Crow pulled up the timeline for the Nixon . If they stayed on schedule, they’d be launching by the end of 2067, which would have them to Saturn just about the same time as the Chinese. Not good. He called Santeros, and five minutes later he, Vintner, and Lossness were back in the Oval Office.
“This isn’t acceptable,” Santeros said. “Best case, we and the Chinese are there at the same time, and that’s a powder keg waiting to blow up in our faces. Worst case, our schedule slips and they beat us to whatever’s out there. We need to get there faster. I don’t care how you make it happen, but make it happen.”
She looked up into thin air and said, “Gladys, tell the kitchen to send fresh pots of coffee to Vintner’s office, then meals for Crow, Vintner, and Lossness.” The White House computer pinged acknowledgment. “Jacob, Gene, figure this out. Call in whatever resources you need. Crow, I want you in on this so you can report back to me and in case any of their ideas have security implications we need to be on top of. By the morning briefing, I want to know how we’re going to beat the Chinese to Saturn.”

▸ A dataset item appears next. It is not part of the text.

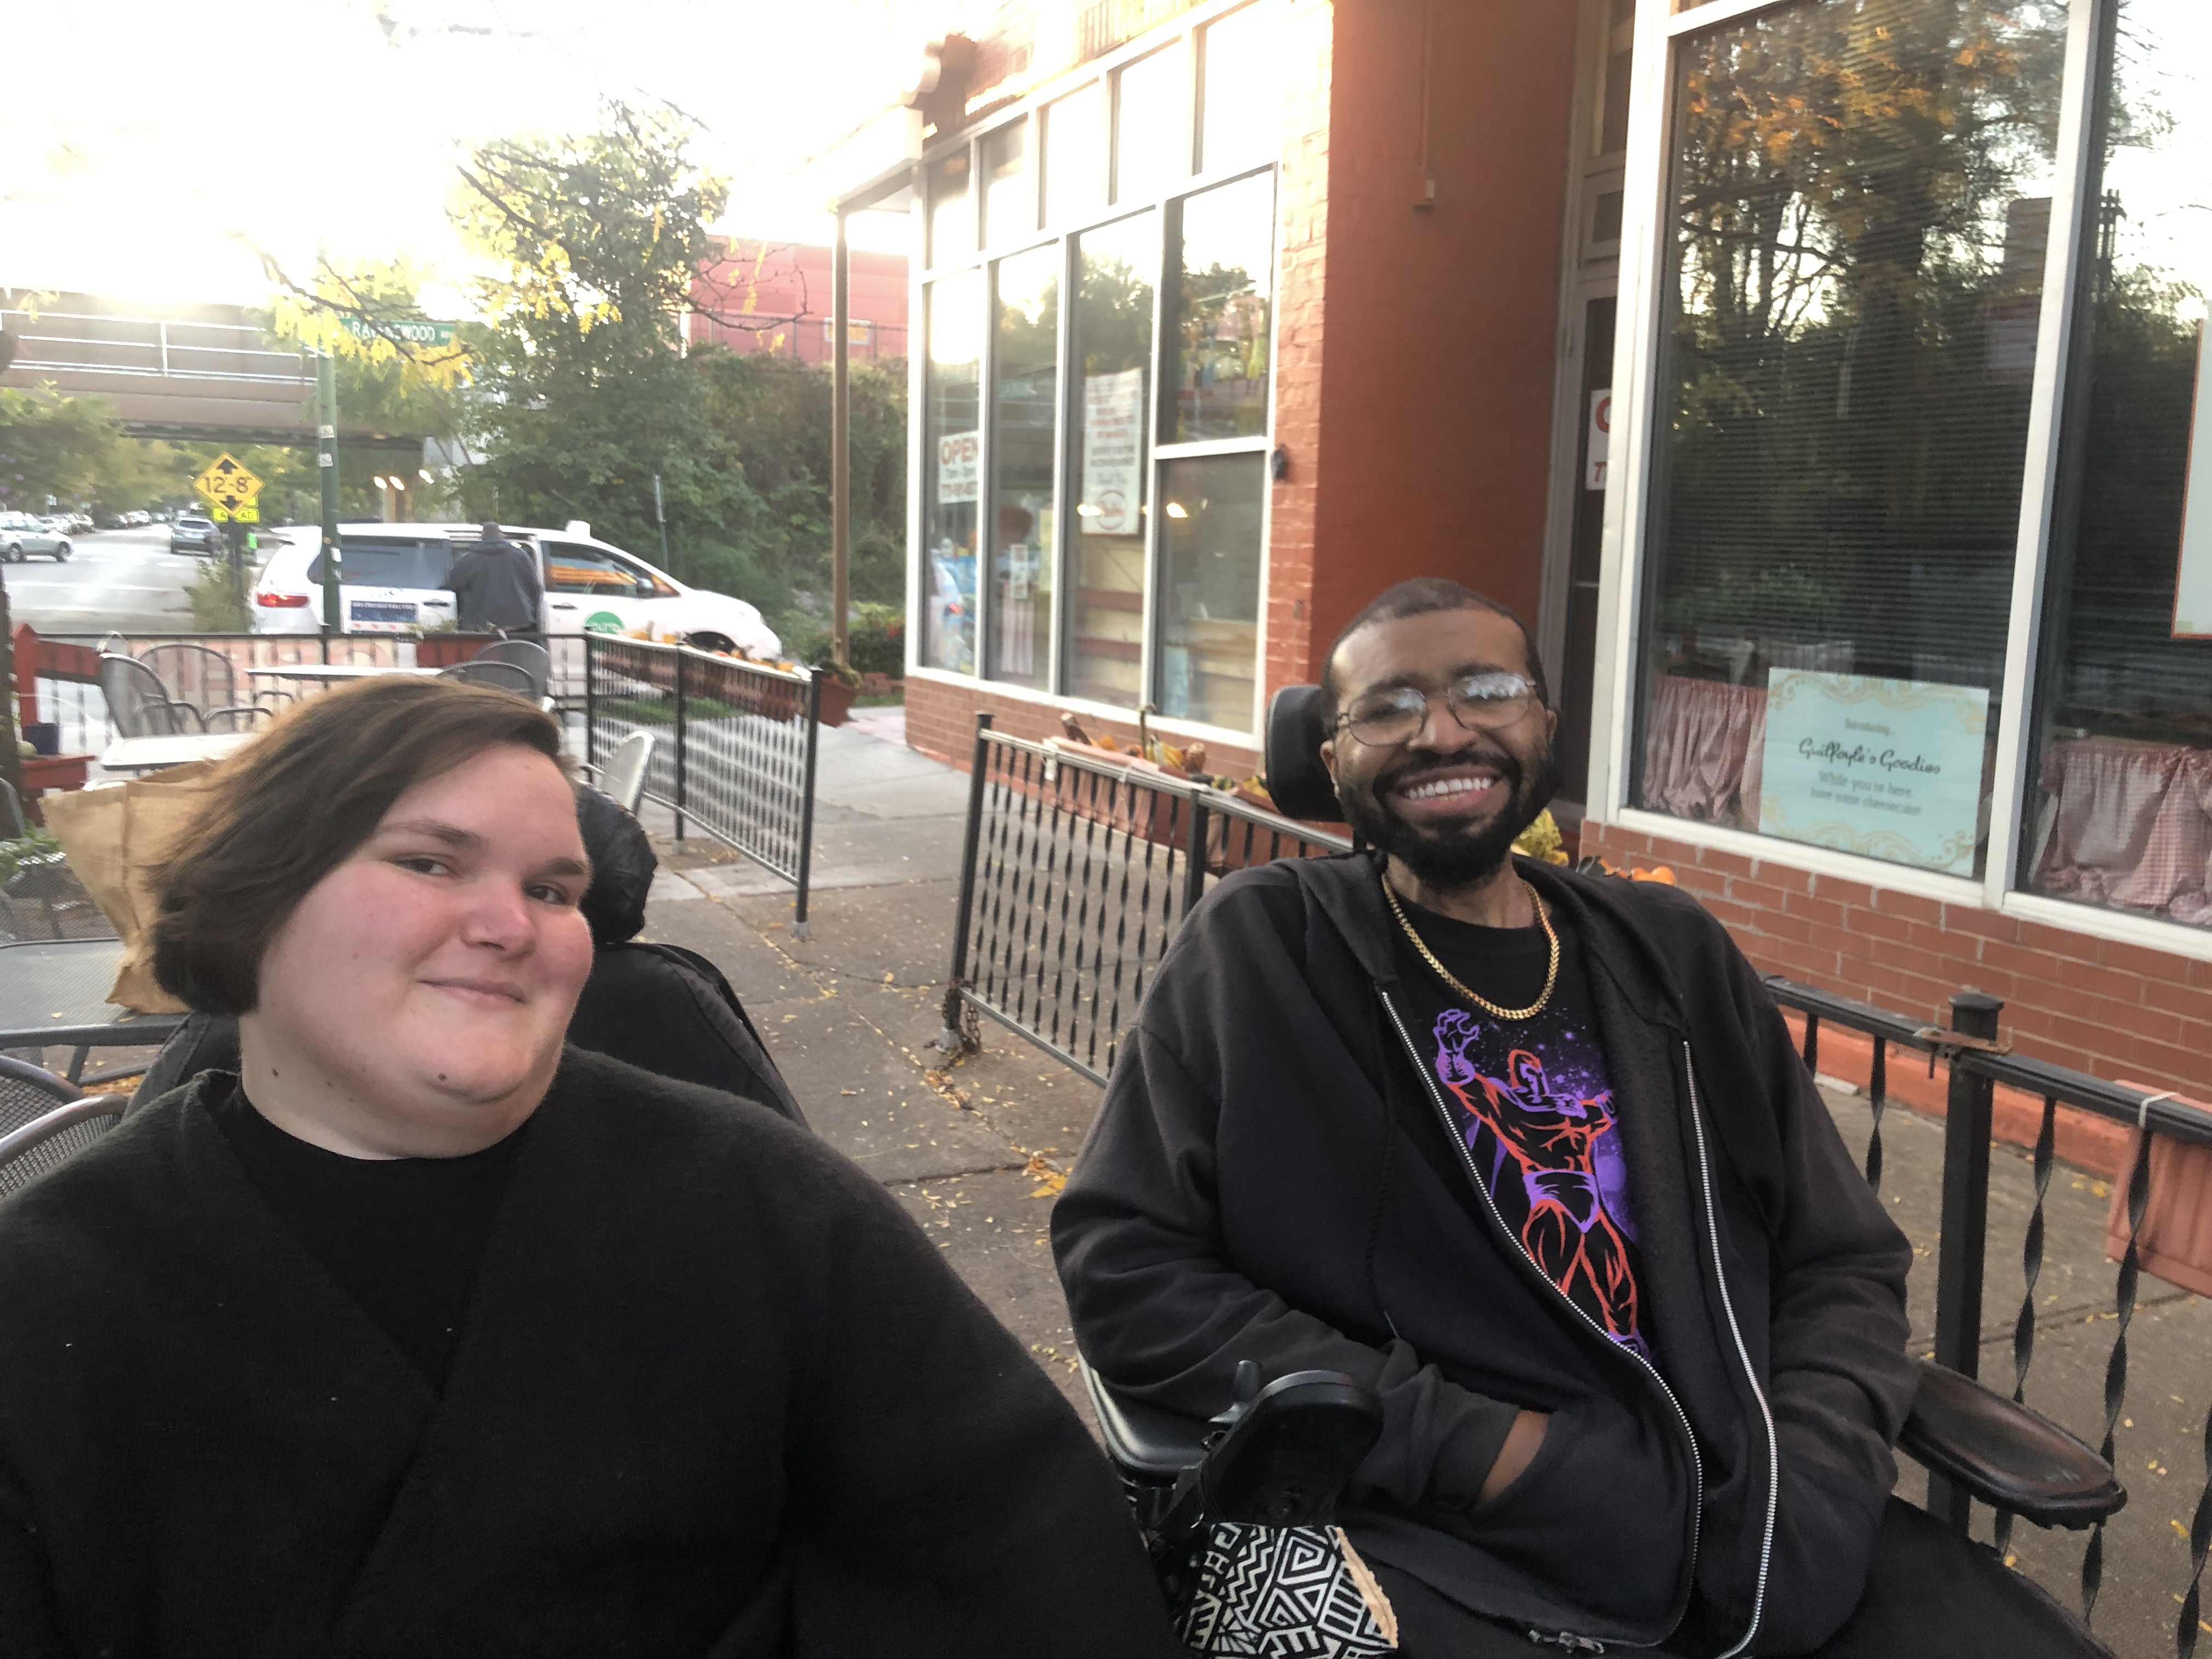 Kennedy, a white, fat, femme, and Justin, a Black man smile at the camera at an outdoor event. They both are dressed in black fall clothing and are seated in their power wheelchairs.

Crow had been running on catnaps for two days, trying to stay on top of last-minute intelligence about the Chinese launch. More stim pills.
Two hours later, in Vintner’s office, the three of them were well-caffeinated and fed, but they weren’t any happier. Crow massaged his forehead. “So, really, there’s no way to speed up the trip? Neither of you geniuses can come up with anything?”